The invention discloses a kind of asynchronous motor forecast Control Algorithms, specially:Linearisation and discrete processes are carried out to control object equation first, according to the discrete models of control object, it obtains different moments state variable predicted value and system of the k moment in prediction domain and exports predicted value, and then obtain the optimum control amount and instant control amount for control object, to obtain the state variable predicted value of subsequent time, instant control amount is applied to asynchronous machine and is controlled.The present invention by derived in detail to Model Predictive Control rolling time horizon signature analysis and to its mathematical model develop discuss on the basis of, according to system variable and its difference and system equation inner link, by extending and converting to state variable, formation state and the double state feedback structures of output, accelerate output quantity convergence rate, so that effectively reducing control domain on the basis of system control information is without any constraint and processing, reducing whole system on-line calculation.

Description

A kind of asynchronous motor forecast Control Algorithm
Technical field
The invention belongs to motor control technology fields, are related to a kind of asynchronous motor forecast Control Algorithm.
Background technique
Asynchronous machine has the property of non-linear, close coupling, multivariable, is generally used pi regulator and adjusts to system Section, its structure is simple, easy to accomplish, there is preferable dynamic property.But system exists vulnerable to system parameter variations influence, to negative The disadvantages of carrying variation adaptability difference and weak anti-interference ability, and during attitude conirol, it generally requires to rely on A large amount of engineering experiences are debugged repeatedly.It therefore, will using traditional pi regulator to the higher occasion of dynamic performance requirements By certain limitation, it is not able to satisfy the requirement of correlated performance.
Model Predictive Control is born in 1970s, from initial industrial application heuristic control algorithm through sending out The exhibition new discipline branch that abundant, practice content is constantly expanded for a theory.PREDICTIVE CONTROL is directed to the control for having optimization demand Problem obtains some successes, especially model since the control method is born and is developed so far in Complex Industrial Systems Predictive control algorithm has unique advantage to nonlinear restriction issue handling.Develop by recent decades, Model Predictive Control is Through gradually being applied in every field, especially in recent years as digital signal processor develops rapidly, Model Predictive Control plan Application is slightly rapidly developed in the field of motor control.Make a general survey of in recent years about motor model predictive control strategy largely It is exactly combined to algorithm improvement, development and with other algorithms, improves whole system control performance using respective advantage.Although Model predictive control method has many advantages, but before not being applied to Motor Control Field, maximum hinders to be exactly the calculation Method is relatively complicated, and on-line calculation is bigger, can not be received by the application field.With the development level of processor at that time The dynamic performance requirements that hardly can satisfy system have delayed the algorithm middle application and development in the field of motor control.So The emphasis point of the present invention problem computationally intensive aiming at Model Predictive Control Algorithm studies a kind of highly efficient, simple control System strategy.
Summary of the invention
The object of the present invention is to provide a kind of asynchronous motor forecast Control Algorithms, solve mould in existing motor control Type predictive control algorithm roll online implementation when it is computationally intensive, real-time is poor.

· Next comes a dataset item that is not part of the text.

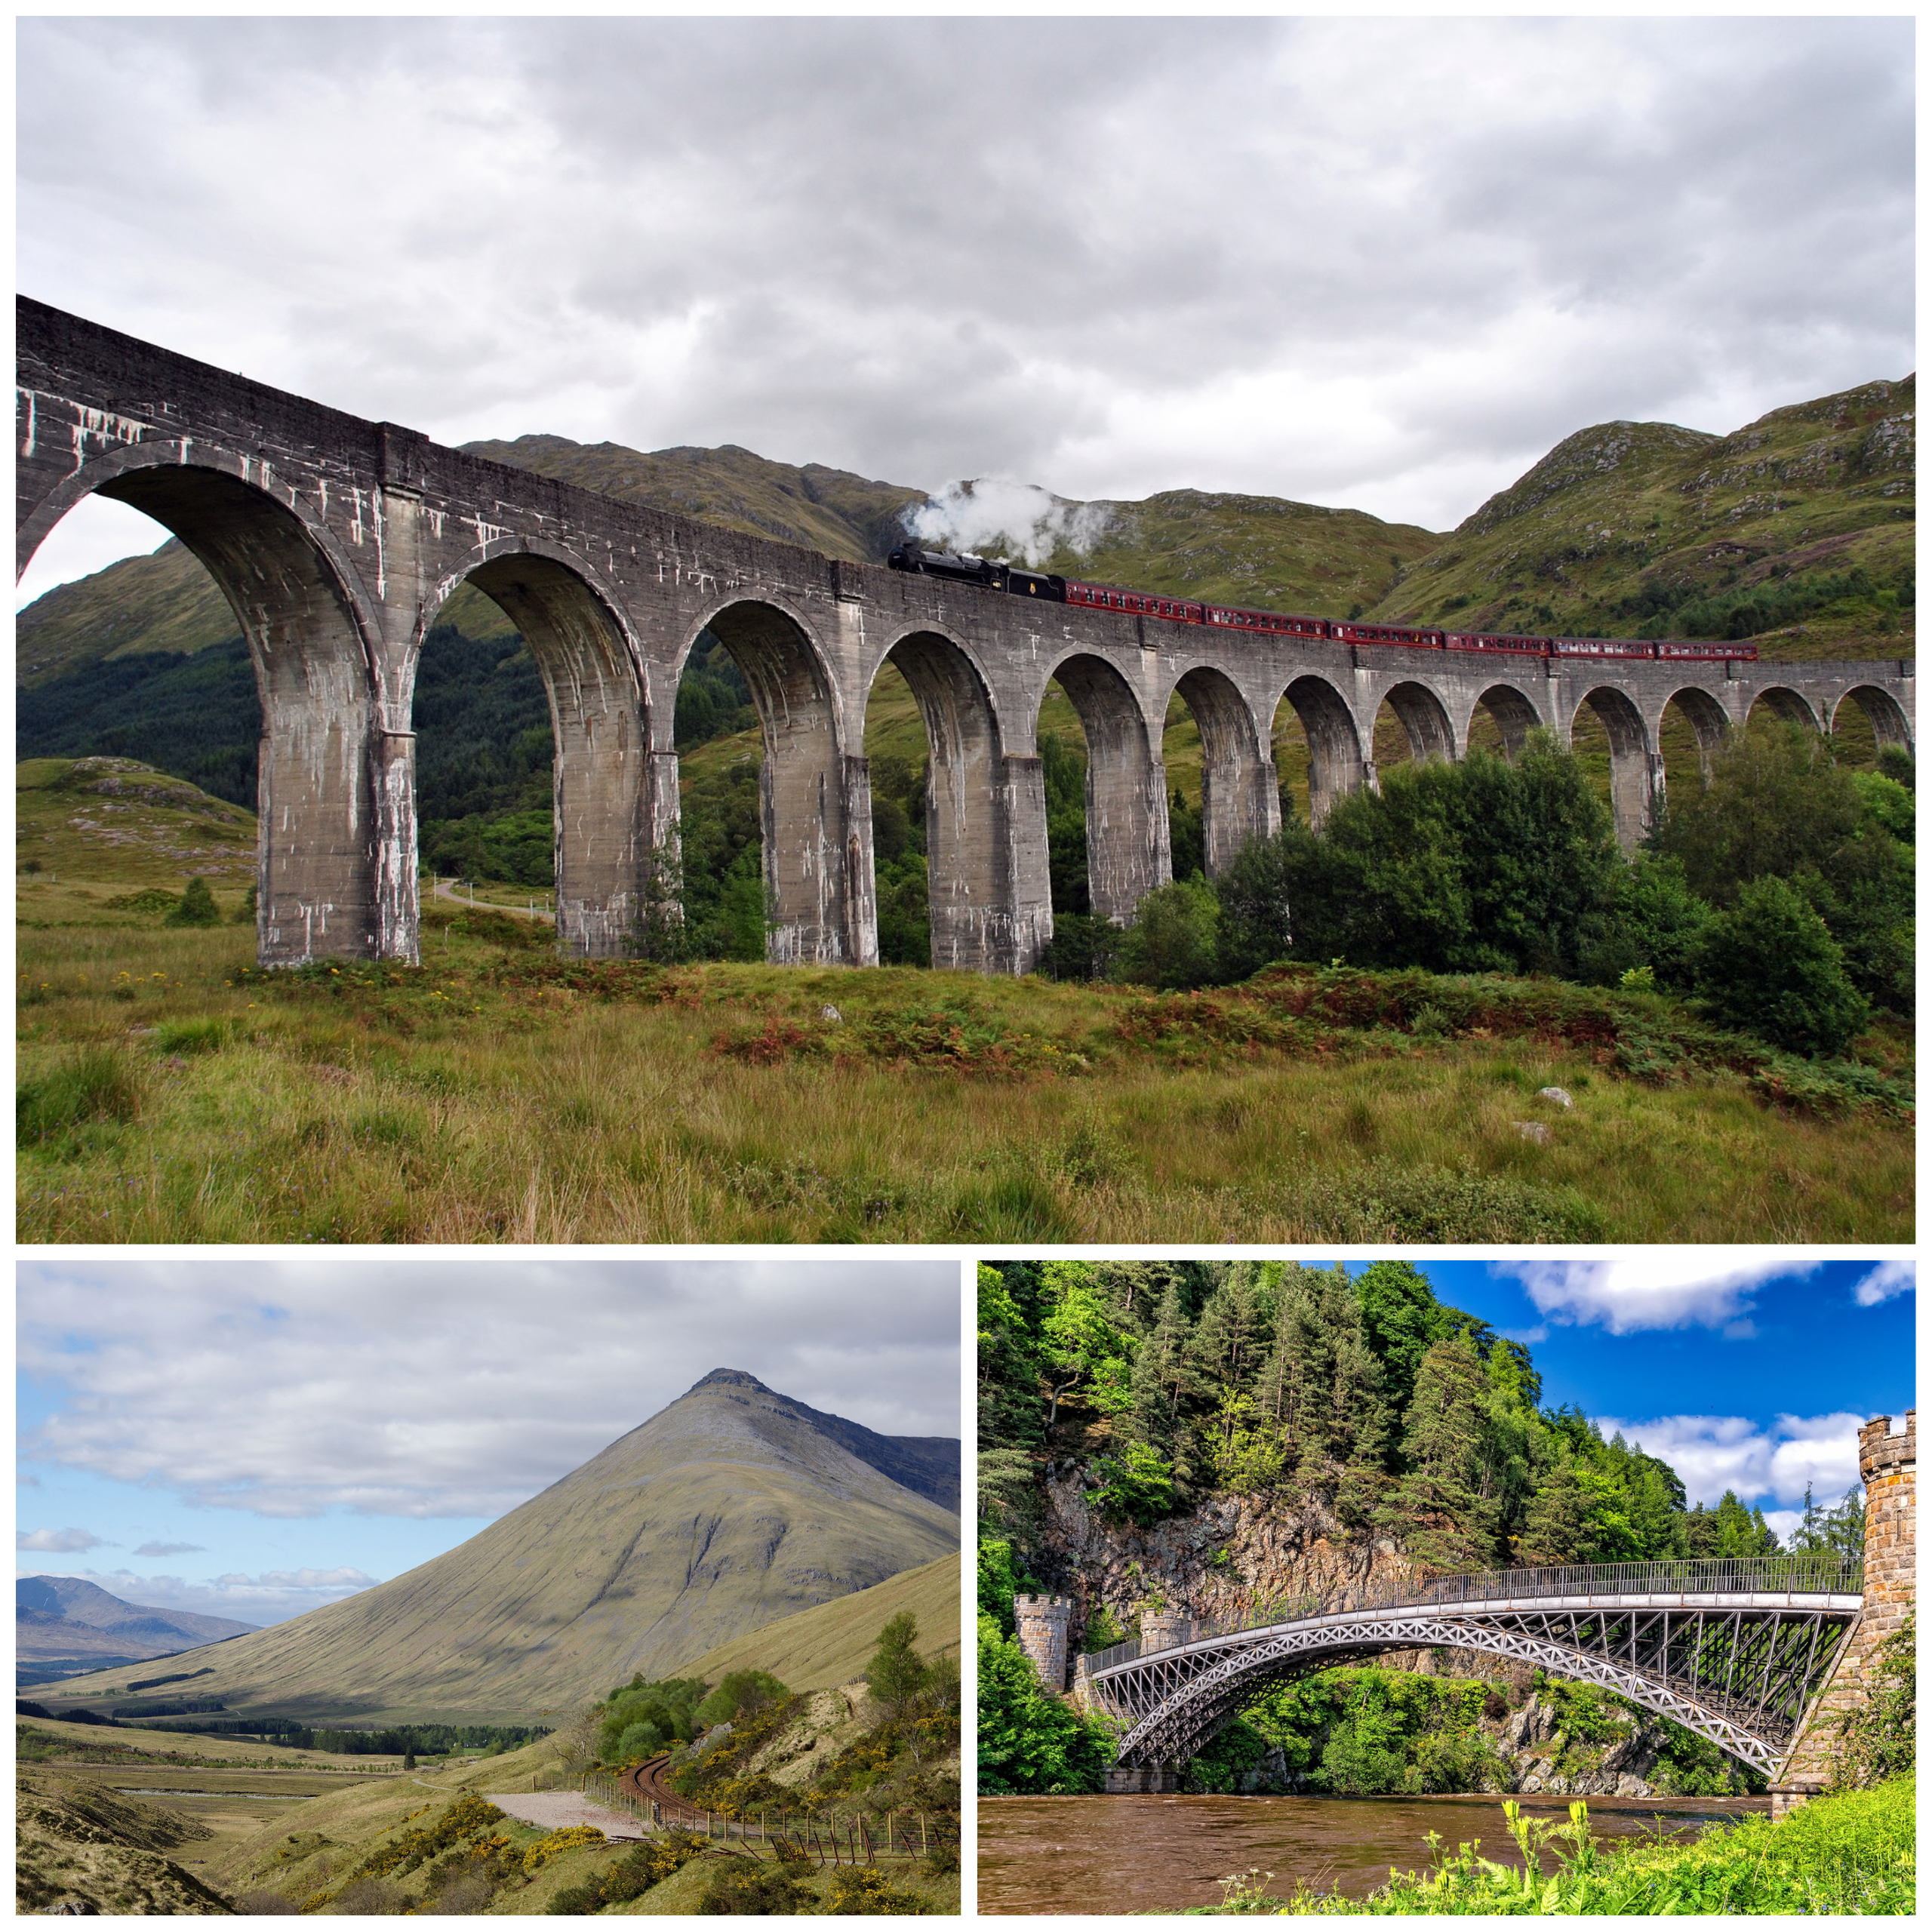 Klem Arne Vertrek Scenic Rail Journeys in Scotland - Travel Blog

The technical scheme adopted by the invention is that a kind of asynchronous motor forecast Control Algorithm, specifically according to the following steps Implement:
Step 1, linearisation and discrete processes are carried out to control object voltage equation:
Assuming that the discrete models of research object are:
Wherein, x (k) is state variable, and y (k) is the output variable of system, and u (k) is the input variable of system, and A is to be System matrix, B is input matrix, and C is output matrix, and k is current sample time;
By the linearisation of control object voltage equation and discrete processes and the form for being abstracted as formula (1);
Step 2, it according to the discrete models of control object, obtains different moments state of the k moment in prediction domain and becomes It measures predicted value and system exports predicted value;
Different moments state variable predicted value is:
X (k+p | k)=Apx(k)+Ap-1Bu(k)+Ap-2Bu(k+1)+…+Ap-lBu(k+l-1) (2)
System exports predicted value:
Output expression formula is described in order to conciser, in this defined variable:
Y=[y (k+1 | k), y (k+2 | k), y (k+3 | k) ..., y (k+p | k)]T (4)
U=[u (k+1 | k), u (k+2 | k), u (k+3 | k) ..., u (k+l-1 | k)]T (5)
It carries out redescribing expression by stepping type is exported using above-mentioned definition:
Y=Gx (k)+HU (6)
Wherein,
It is assumed herein that the control amount of system can be expressed as form:
The objective function for taking optimum control amount is:
J*=(Rr-Y)(Rr-Y)T+UTRU (8)
Wherein, R is the weight matrix that input influences objective function,For dimension and the equal unit of prediction time domain to Amount, Y are the output variable of system, and U is the input variable of system.
Formula Y=Gx (k)+HU is substituted into formula (8), available following expression:
It, can be by seeking the necessary condition dJ*/dU=0 of minimum in order to enable J* obtains best input control quantity u (k) It acquires:
U=(HTH+R)-1HT(Rr-Gx(k)) (10)
It can be calculated by formula (10) at the k moment, predict all predicted values in time domain scale, but PREDICTIVE CONTROL not will All control amounts are applied to control object, but by instant control amount, that is, the header element of Optimal Control amount is sought, control is acted on Object processed, so the input variable when acting on object at the k moment, system output predicted value are:
Step 3, mathematic(al) manipulation, the shape obtained in conjunction with step 2 are carried out to the discrete models of control object in step 1 State variable predicted value and system export predicted value, obtain the optimum control amount and instant control amount for control object.
Step 4, the optimum control amount and instant control amount of the control object obtained according to step 3 are obtained in conjunction with formula (2) To the state variable predicted value of subsequent time;
Step 5, asynchronous machine is applied to according to the instant control amount that step 4 obtains control and using subsequent time State variable predicted value carry out a new wheel circulation and solve.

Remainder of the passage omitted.